>>>>

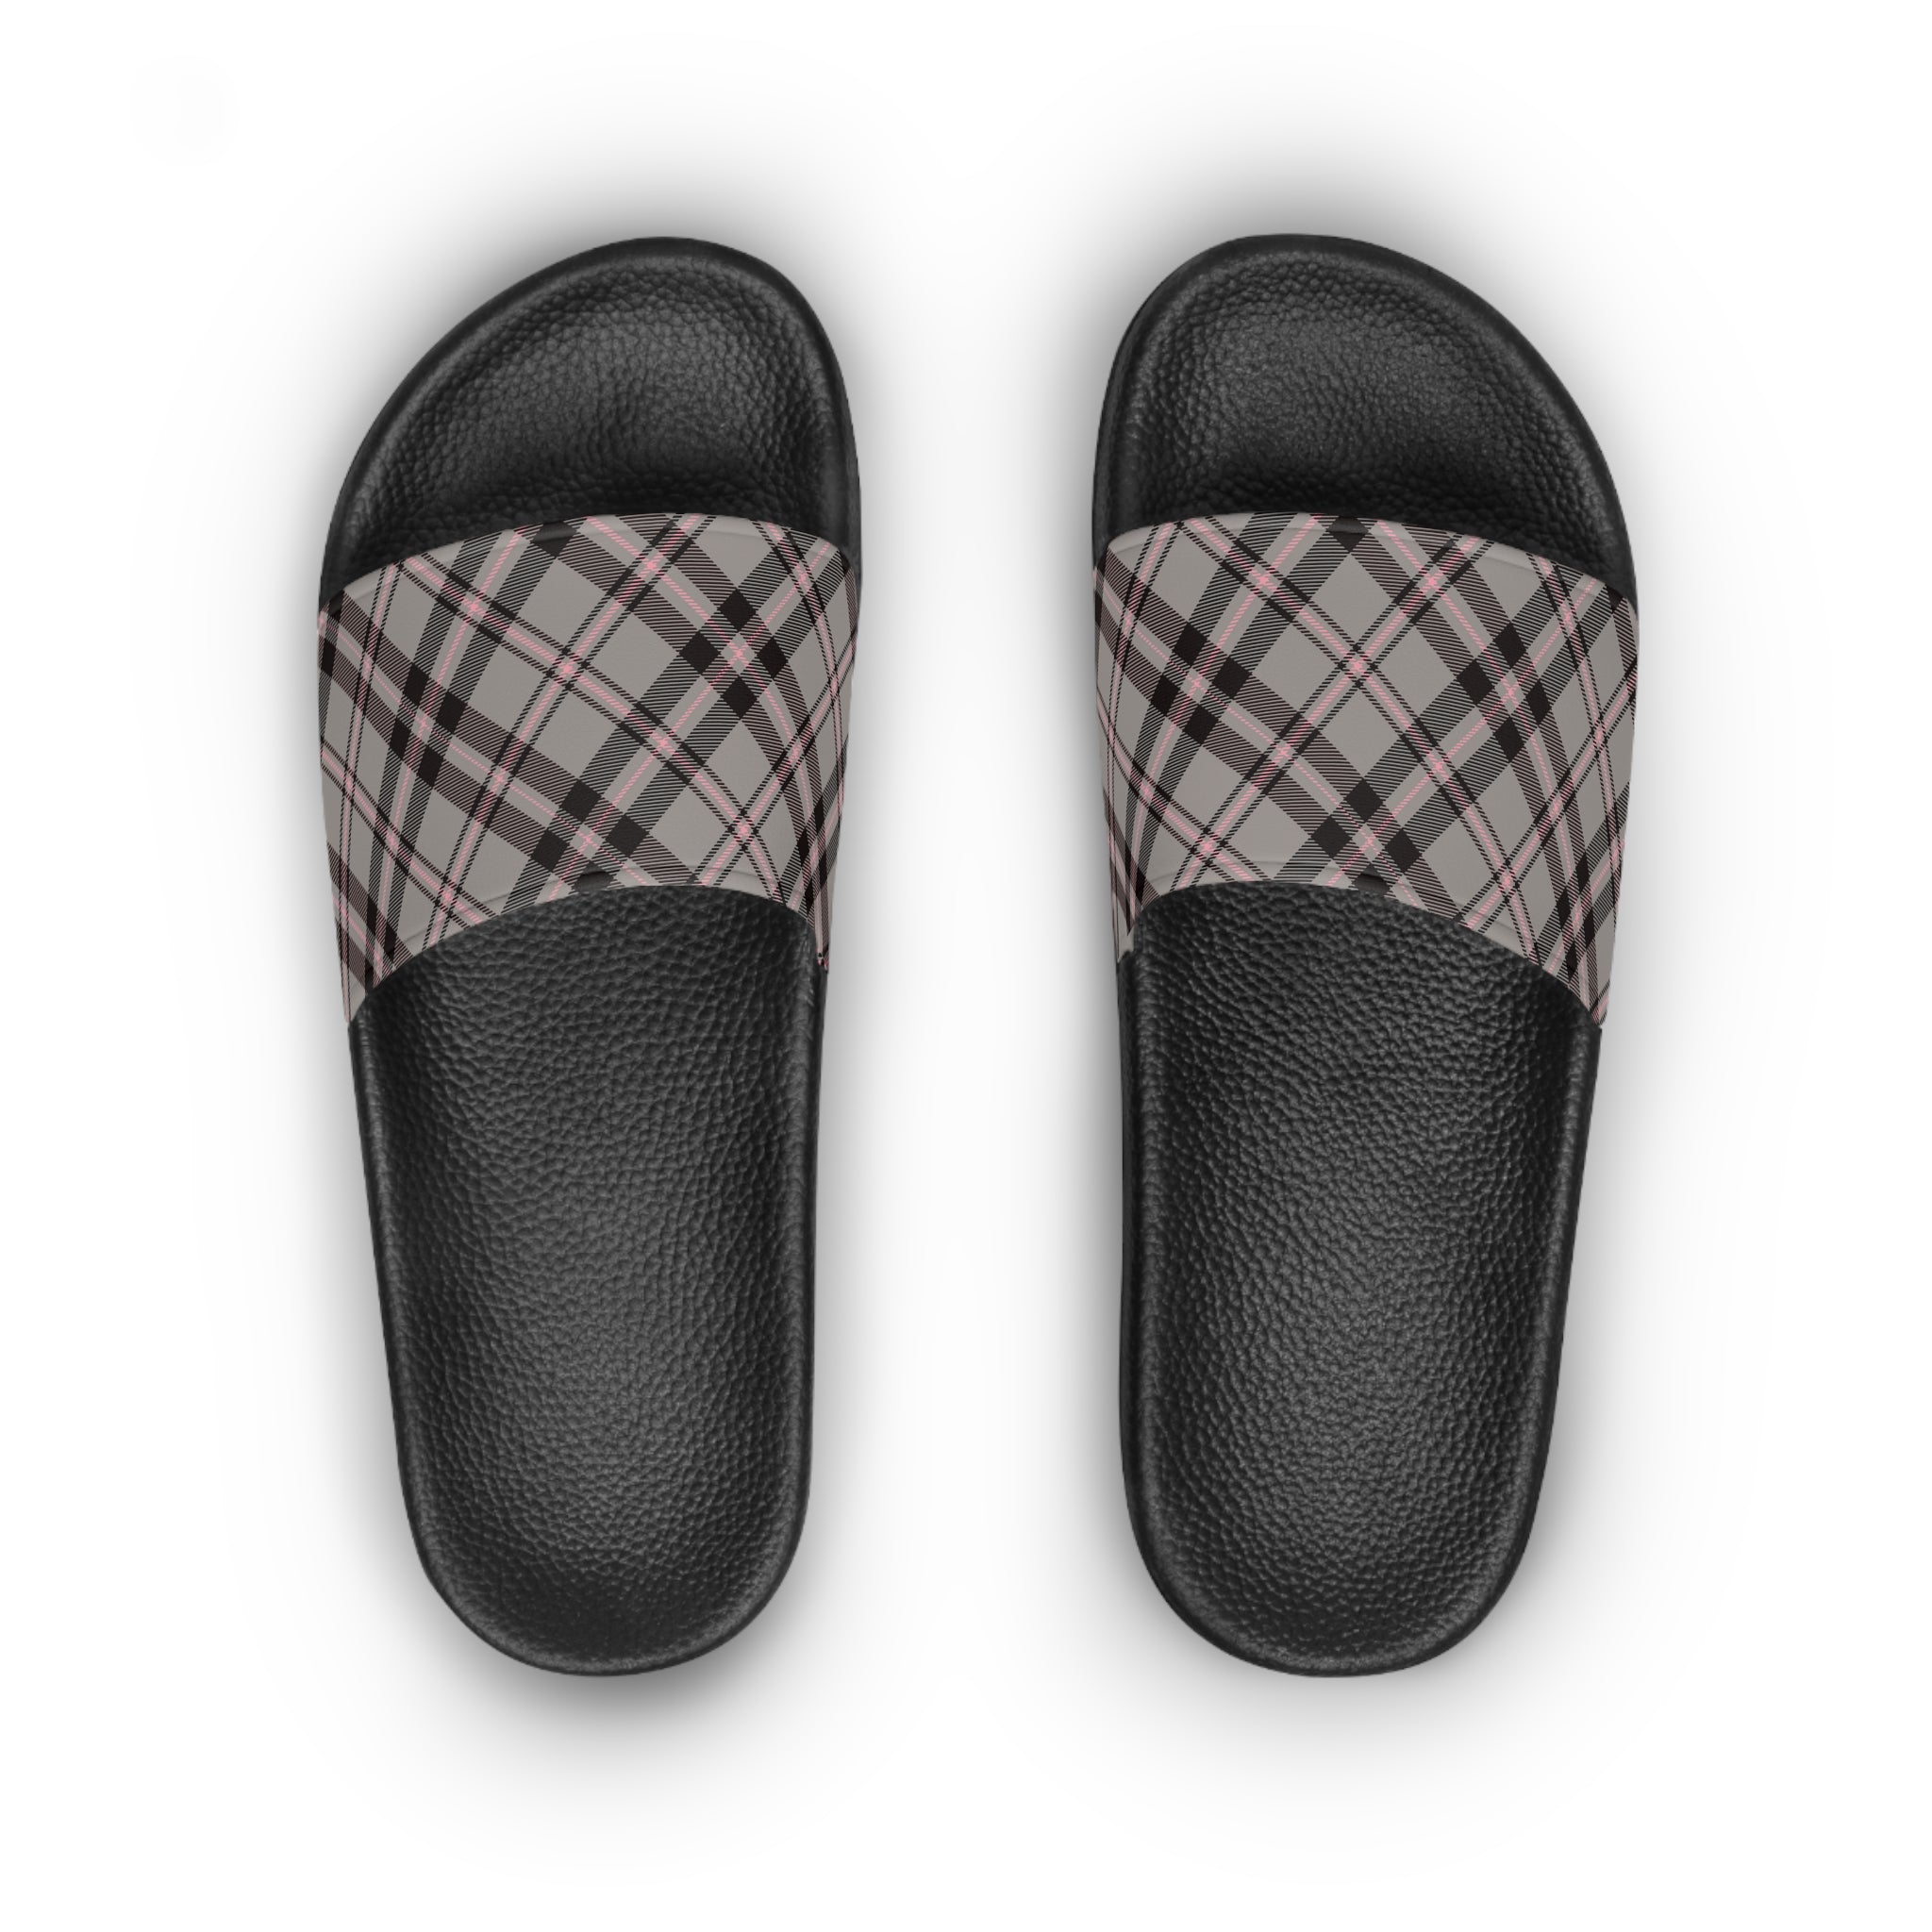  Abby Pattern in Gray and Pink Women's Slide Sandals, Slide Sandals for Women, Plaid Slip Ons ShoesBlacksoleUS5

<<<<
>>>>

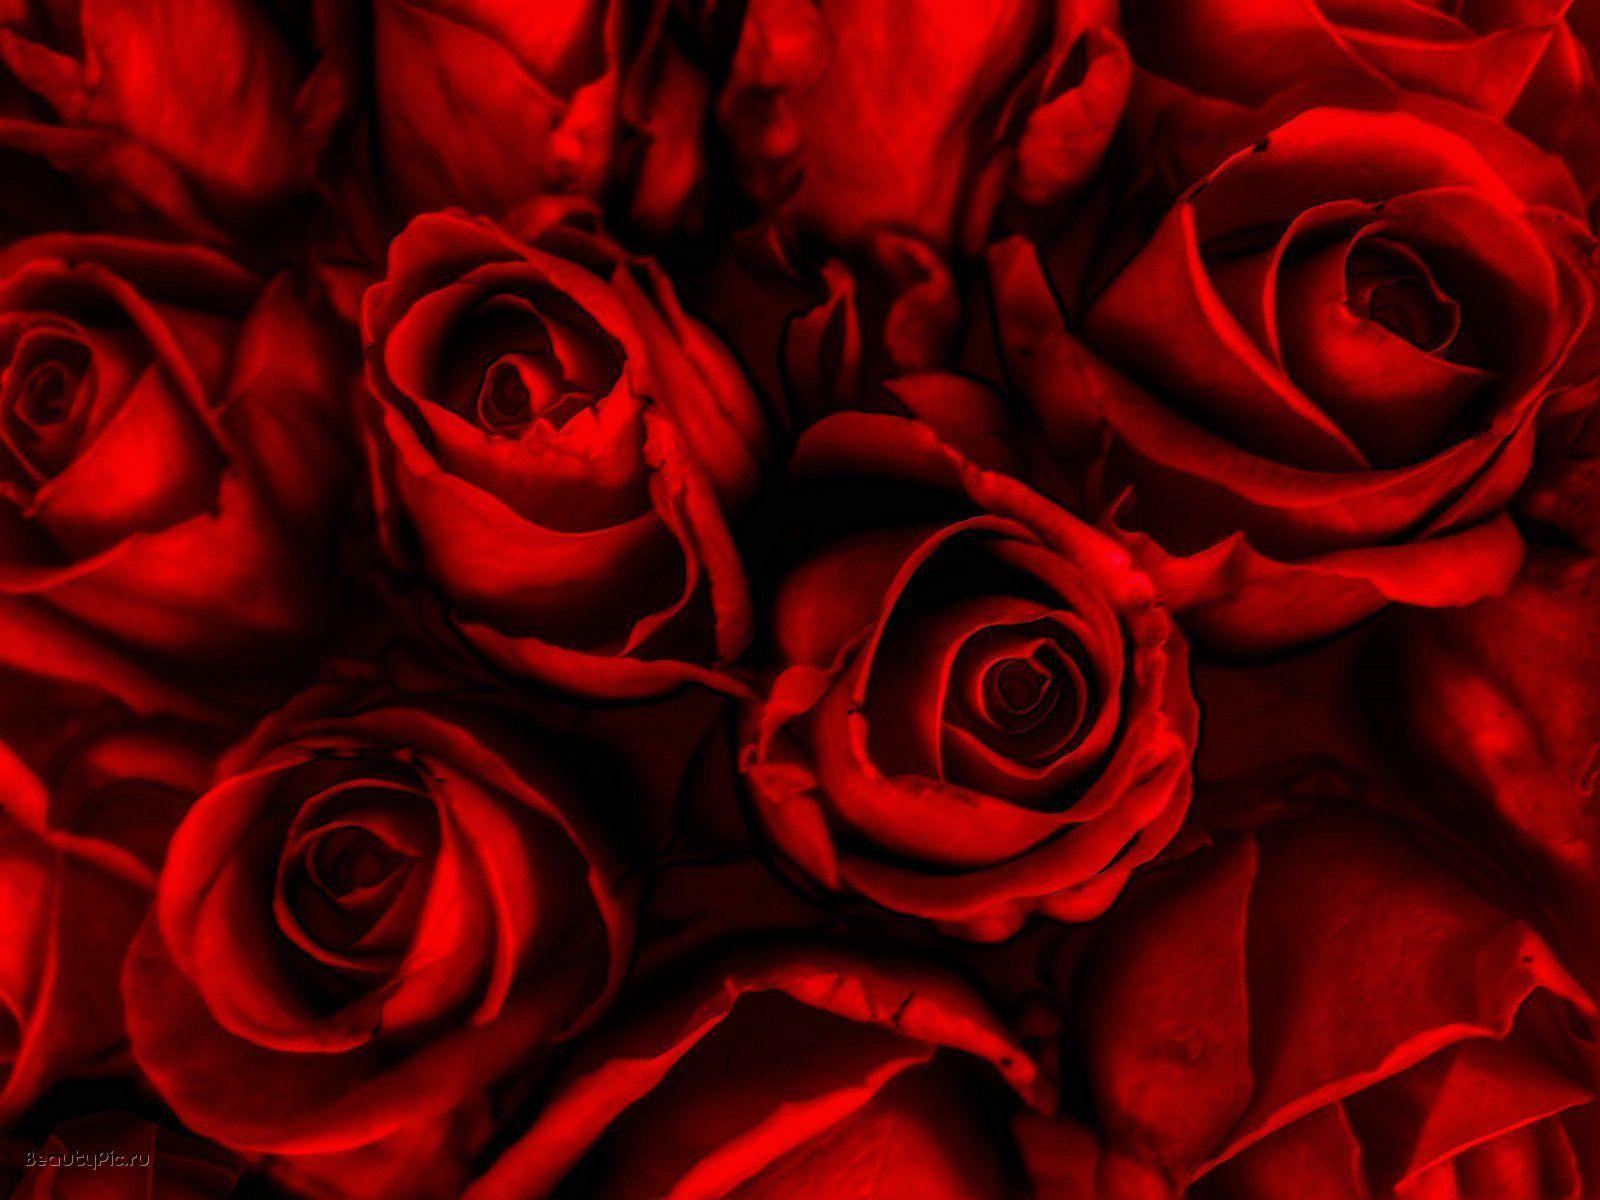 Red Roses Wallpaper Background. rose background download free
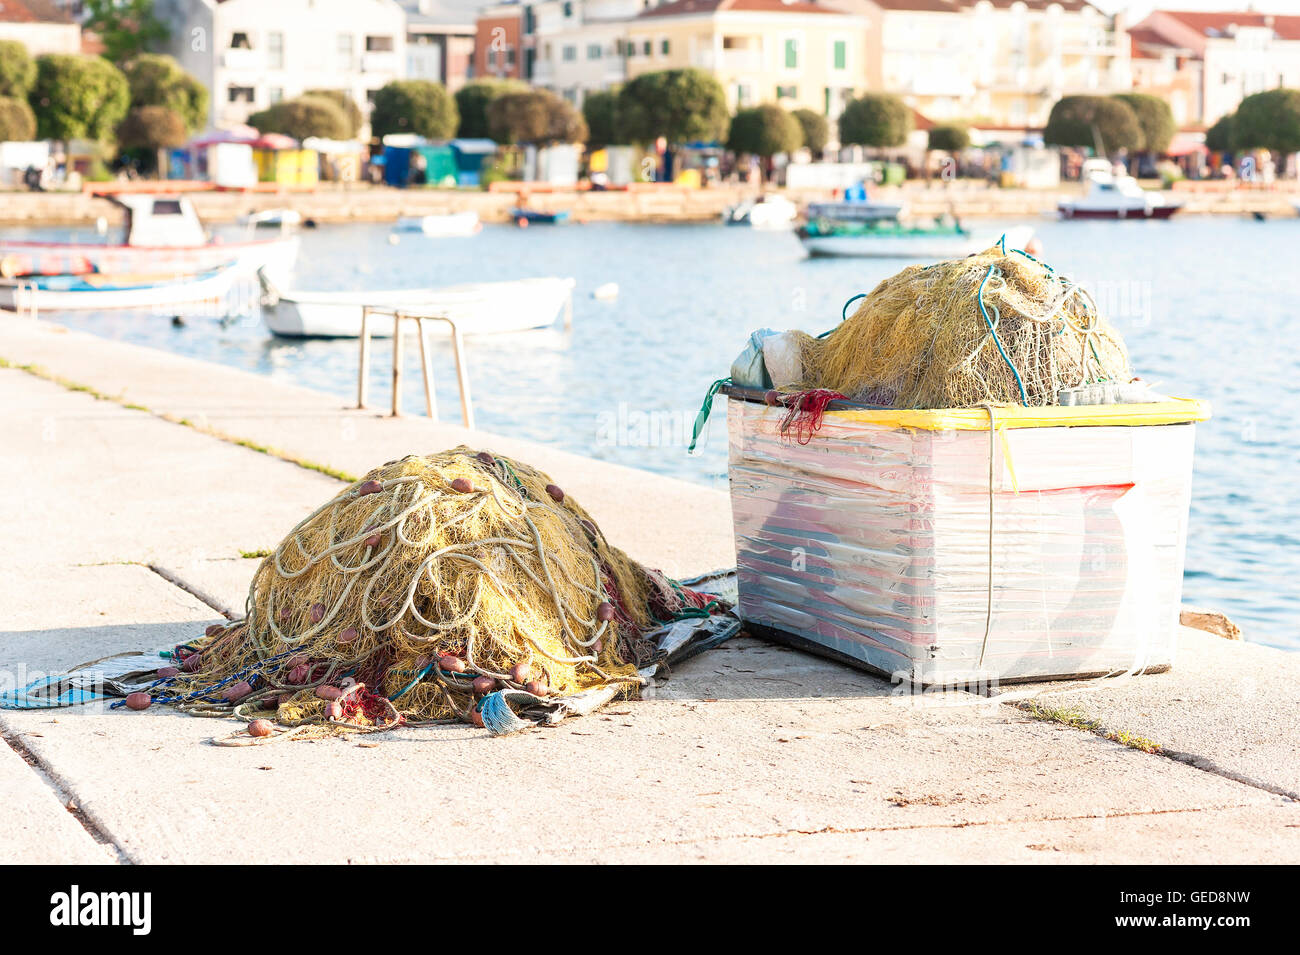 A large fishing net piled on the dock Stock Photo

<<<<
>>>>

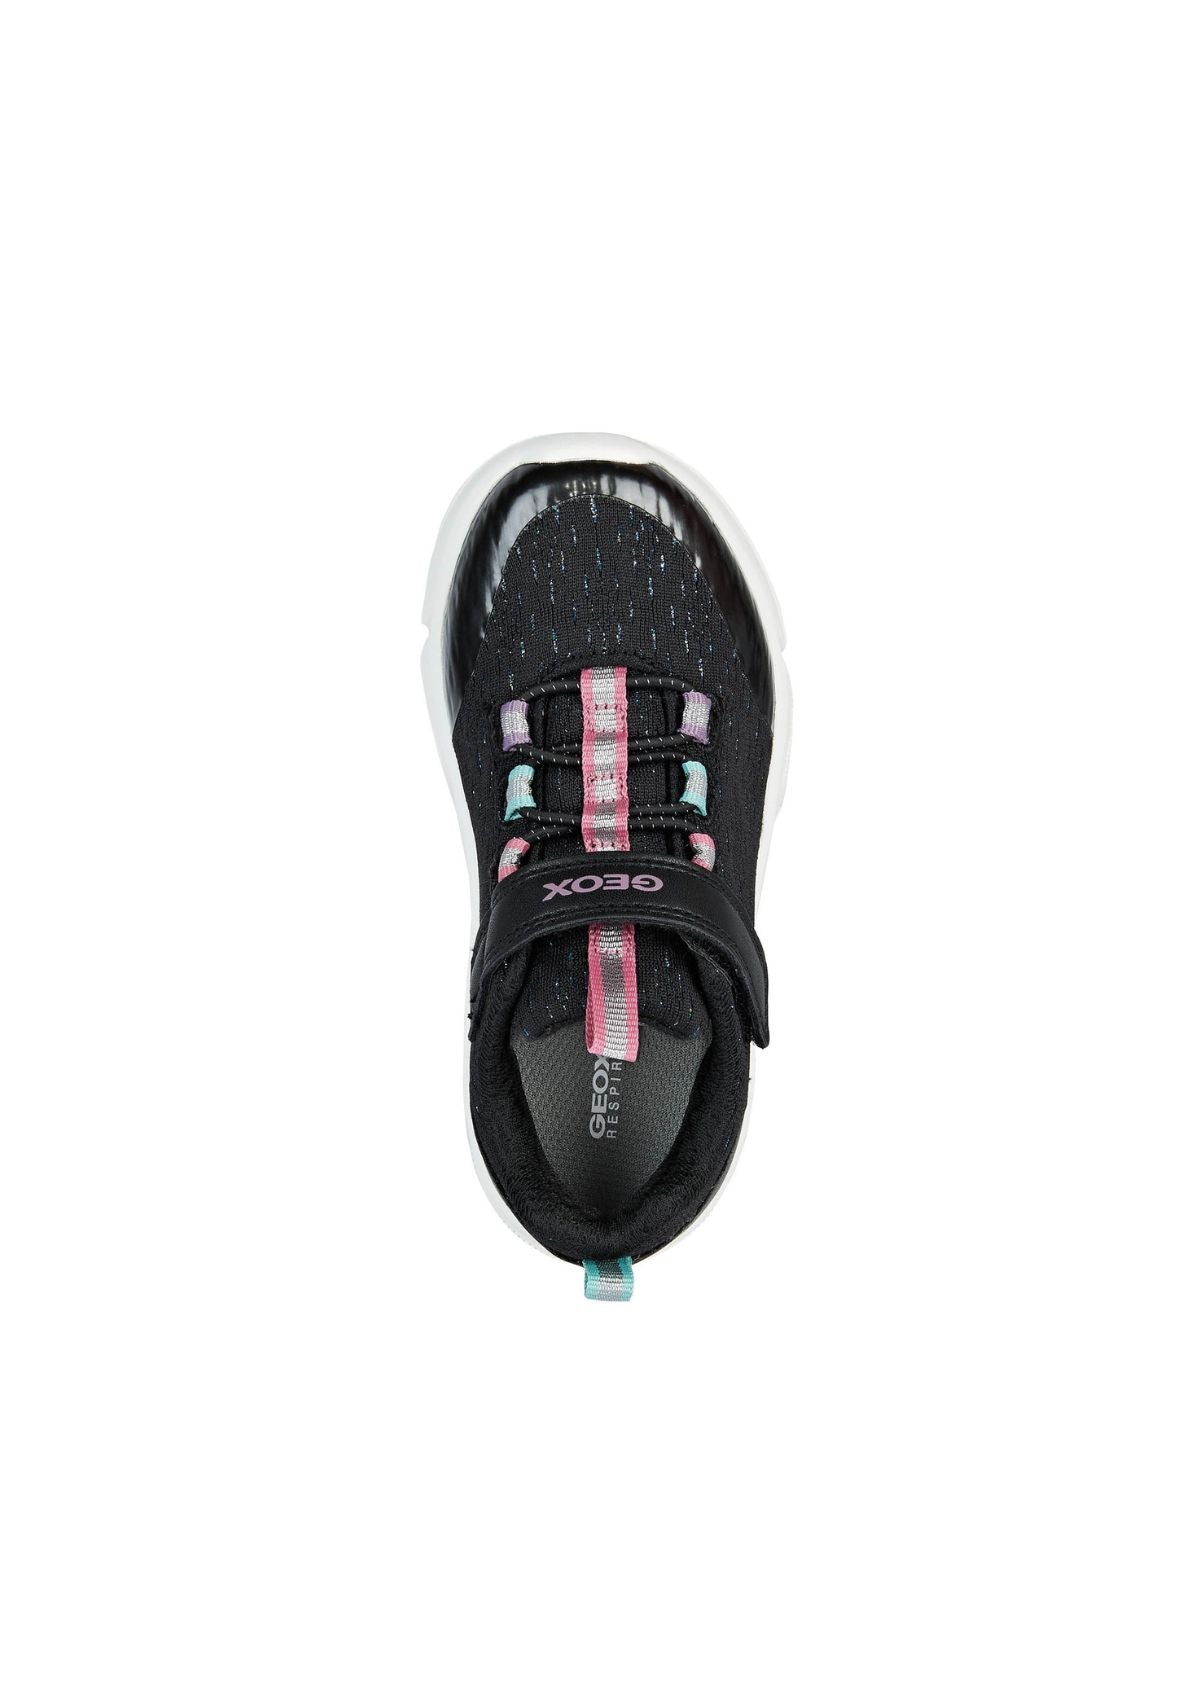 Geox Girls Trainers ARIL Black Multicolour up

<<<<

**Description of the task**
From the records above, copy exactly the lines starting at the one with "Red Roses Wallpaper" and ending at the one with "A large fishing", and no others. Pictures stay out.

**Answer to the problem**
 Red Roses Wallpaper Background. rose background download free
 A large fishing net piled on the dock Stock Photo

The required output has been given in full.